John’s Horror Corner: Lair (2022), Neil Marshall’s latest and quite underwhelming creature feature.
MY CALL: Eh, it’s a thing to watch with decent effects and gore and some passable monster action. But ask yourself how excited you’d be to see it if a no-name filmmaker was behind it. Because that’s how it felt. MORE MOVIES LIKE Lair: This feels like a Resident Evil (2002) sequel, but with weak acting, weak writing and careless monsters. Lair also reminds me of a much higher budget and much more monstrous D4 (2011).
After her fighter jet is shot down in Afghanistan, Captain Sinclair (Charlotte Kirk;The Reckoning) escapes armed hostiles fleeing to shelter in an abandoned, underground, Russian bunker. The facility is housing humanoid biological samples in tanks, and the staff has been reduced to long-dead skeletal remains. During freefire with the Afghanis, a tank is broken, washing its hulking contents to the floor… and it awakens. Aaaaand, MOVIE!
Sinclair is picked up by a unit of soldiers—including Sgt. Hook (Jonathan Howard; Skylines, Godzilla: King of the Monsters), Major Finch (Jamie Bamber; Pulse 2), Sgt. Jones (Leon Ockenden;The Reckoning, Dread), and many others. They team together to face this humanoid bunker experiment-gone-wrong.
Our monsters look monstrous, but move entirely like people with chafed inner thighs. I actually found this annoying. They scurry from one point of gunfire cover to another in the battlefield, they apparently have a clumsily haphazard 20’ vertical jump that feels really forced on viewers’ suspension of disbelief, and basically every time they swipe a big gnarly claw at a soldier he’s dead. So the action is kind of basic. And the monsters seem way too wisely tactical despite still roaring with their arms widespread like idiots and behaving otherwise like, well, feral quasi-intelligent monsters. They kind of feel like generic brand Resident Evil (2002) monsters—like bipedal “lickers” with twin-prehensile tongue-tentacles. Director Neil Marshall (Dog Soldiers, The Descent, Hellboy) has a strong history making movies with engaging monsters, but this is not one of them.
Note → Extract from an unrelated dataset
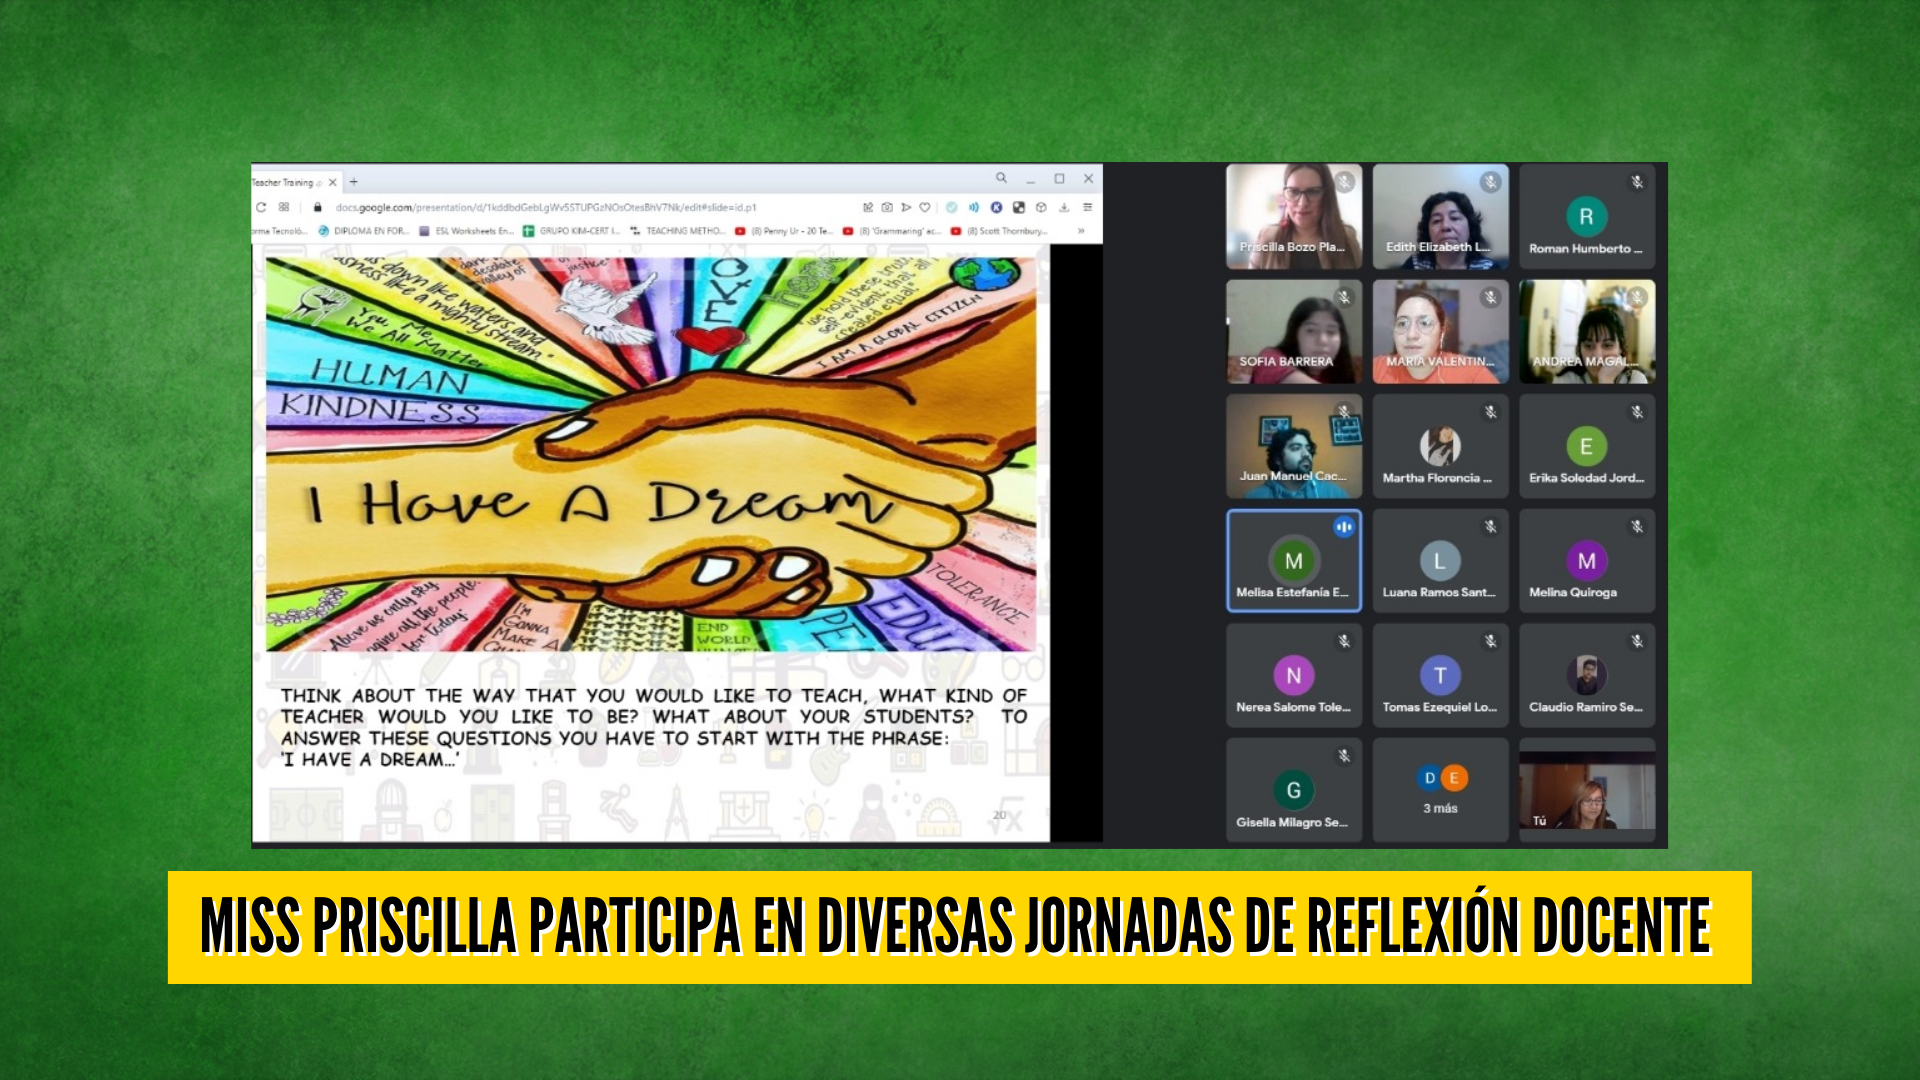 MISS PRISCILLA PARTICIPA EN DIVERSAS JORNADAS DE REFLEXIÓN DOCENTE
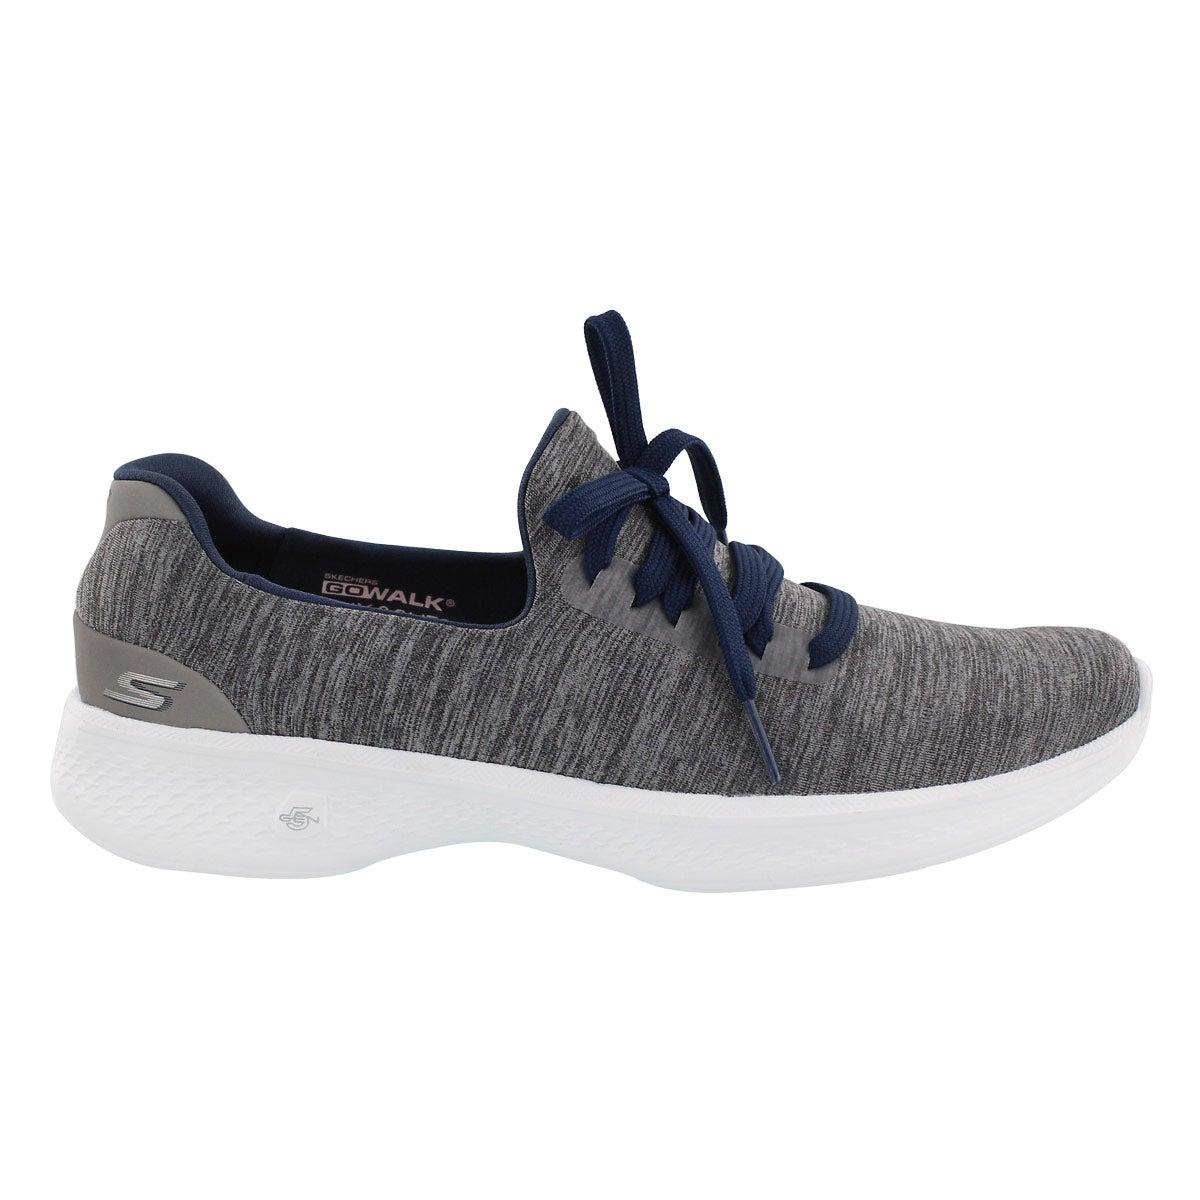 Lds GOwalk 4 gry/nvy laceup walking shoe

Right, but how about the acting? The acting is moderate to poor, with no impressive performances to boast despite a varied cast of quirky soldier characters. But the real fault here is in the writing itself. The dialogue ranges from bland to painfully stiff, basic lines. It doesn’t even sound like how anyone would naturally talk at times. And the story…? Well, our soldiers basically got dropped into a videogame called “Russian Alien Experiment Shoot’em Up.” That’s pretty much the story. And that’s perfectly fine by me. I’m just saying that neither a cool story or plot development are creating saving graces here.
So what’s good about this movie? The blood, monsters, wound latex work, and gore were… decent. Not bad. But not enough to merit something I’d recommend someone watch. I’m not sure what happened here, but this does not feel like a Neil Marshall film to me at all. This feels like a whole lot of early 2000s, direct-to-video “meh” with some passable horror action and guts. I mean, it was moderately entertaining. But this totally forgettable flick fell far below my expectations.